Budget rationale and tasks per role

  • Product management and community engagement
    • The hourly rate of USD $40,00/hrs is based on typical hourly rates for freelance workers in the cultural sector in the Netherlands (where the product manager is based).
    • Tasks:
      • Heads the project, running regular meetings with project members
      • Surveys user needs and makes sure these are met by the new integration
      • Acts as Wikimedia community liaison throughout the project’s development
      • Produces documentation, publicizes the project and coordinates with other organizational stakeholders
      • Reports to the funder
  • OpenRefine development
    • As this position is still vacant, the hourly rate of USD $40,00/hrs is an estimate. It's on the low side for software developers in Western Europe and the United States, but may be sufficient for developers based in other regions of the world. If this project grant is funded, we will issue an open application process for this position through various channels, including relevant Wikimedia mailing lists. If the most suitable candidate is based in a country where higher hourly rates are customary, we will use budget from the next budget line ('Additional developer honoraria and contingency funds') to fit that situation.
    • Tasks (this position is still vacant):
      • Develops the integration on OpenRefine's side
      • Coordinates with the product manager and the rest of the OpenRefine dev team
  • Wikimedia development
    • As this position is still vacant, the hourly rate of USD $40,00/hrs is an estimate. It's on the low side for software developers in Western Europe and the United States, but may be sufficient for developers based in other regions of the world. If this project grant is funded, we will issue an open application process for this position on various Wikimedia mailing lists. If the most suitable candidate is based in a country where higher hourly rates are customary, we will use budget from the next budget line ('Additional developer honoraria and contingency funds') to fit that situation.
    • Tasks (this position is still vacant):
      • Develops the reconciliation service for Commons and a batch upload tool (in QuickStatements or as a new tool)
      • Coordinates with the product manager and the rest of the OpenRefine dev team
  • Additional developer honoraria and contingency funds
    • As mentioned just above, we have planned this buffer in the budget to account for potential higher hourly rates of the still-to-be-recruited Wikimedia developer. Otherwise, this budget line will act as a contingency buffer for other unforeseen costs, for instance for additional development hours that may be needed.
  • Meeting costs
    • This budget line will be used for costs made for webinars, workshops and presentations related to OpenRefine-SDC training and outreach. It can be partly used for registration costs of external conferences and - if physical gatherings become possible again in 2022 - travel to and participation in one or two (nearby) physical workshops and events
  • Wire fees
    • International wire transfer fees for contractor payments and other grant-related money transfers within, to and from the United States.
  • Project leadership, administration, accounting, strategic support
    • Code for Science & Society (CS&S) supports its sponsored open source projects in the following areas, for which in each project's grant, 15% of the total budget is reserved.
      • CS&S takes care of grant and financial administration, accounting, and administrative support.
      • CS&S organizes project leadership and strategic support, including regular reviews of grant progress, team management, and strategic project development. CS&S initiates and organizes regular meetings with the OpenRefine's advisory and steering committees to look at longer-term planning and sustainability, and to explore and pursue new funding opportunities.

Notes

The budget above has been updated on May 27, 2021 in consultation with the Wikimedia Foundation's grants team and the grants committee.

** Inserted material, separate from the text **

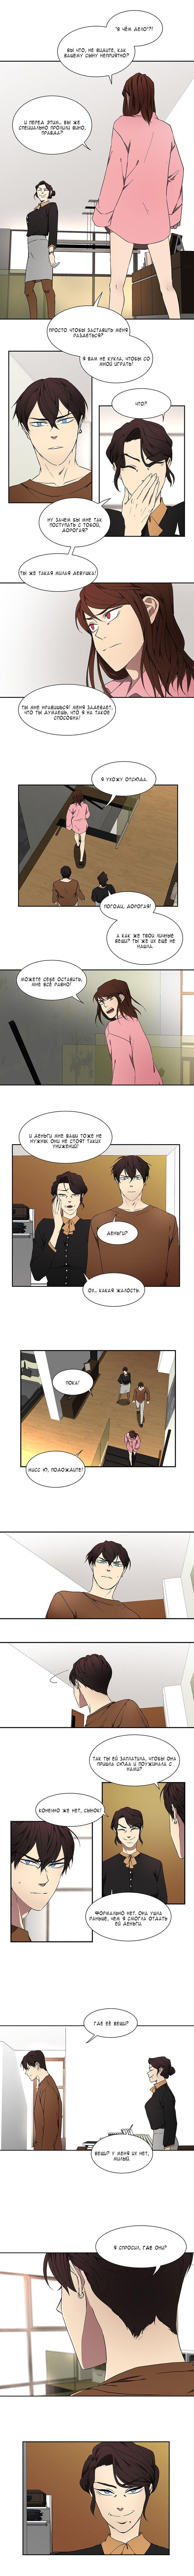 Манга Я люблю Ю / I love Yoo  - Том 1 Глава 41 Страница 2

Originally, we had very strongly hoped to work with a specific, experienced and proven OpenRefine developer based in China. However, it turns out that it is legally not possible for us to hire someone from China (some background here). So the position of OpenRefine developer is now a vacancy.

We're quite confident that we'll be able to recruit someone who can do this work very well. However, hourly rates for a developer based in another part of the world (for instance in Africa, as suggested by the grants committee on the talk page of this proposal) may be more expensive than the originally budgeted USD 20/hr. After consultation with the Wikimedia Foundation's grants team, and reasonably within the allowed margins of this grants program, he budget has been updated in the following ways:

  • The hourly rates for all developers is now budgeted at 40 USD/hr, which is more in line with average international rates for a junior developer.
  • We removed the budget line for professional video editing. Video registration and documentation will still be produced, but in an unedited / raw state.
  • We slightly reduced the planned number of hours per week for both developers. This means that - depending on the experience of the to be hired developers - we may not be able to develop some of the most advanced features that we planned. We do plan to still develop all basic functionalities that belong to OpenRefine itself, but export functionalities for other tools (like QuickStatements) may possibly be skipped if the developers are not able to create this functionality in the allocated (reduced) hours.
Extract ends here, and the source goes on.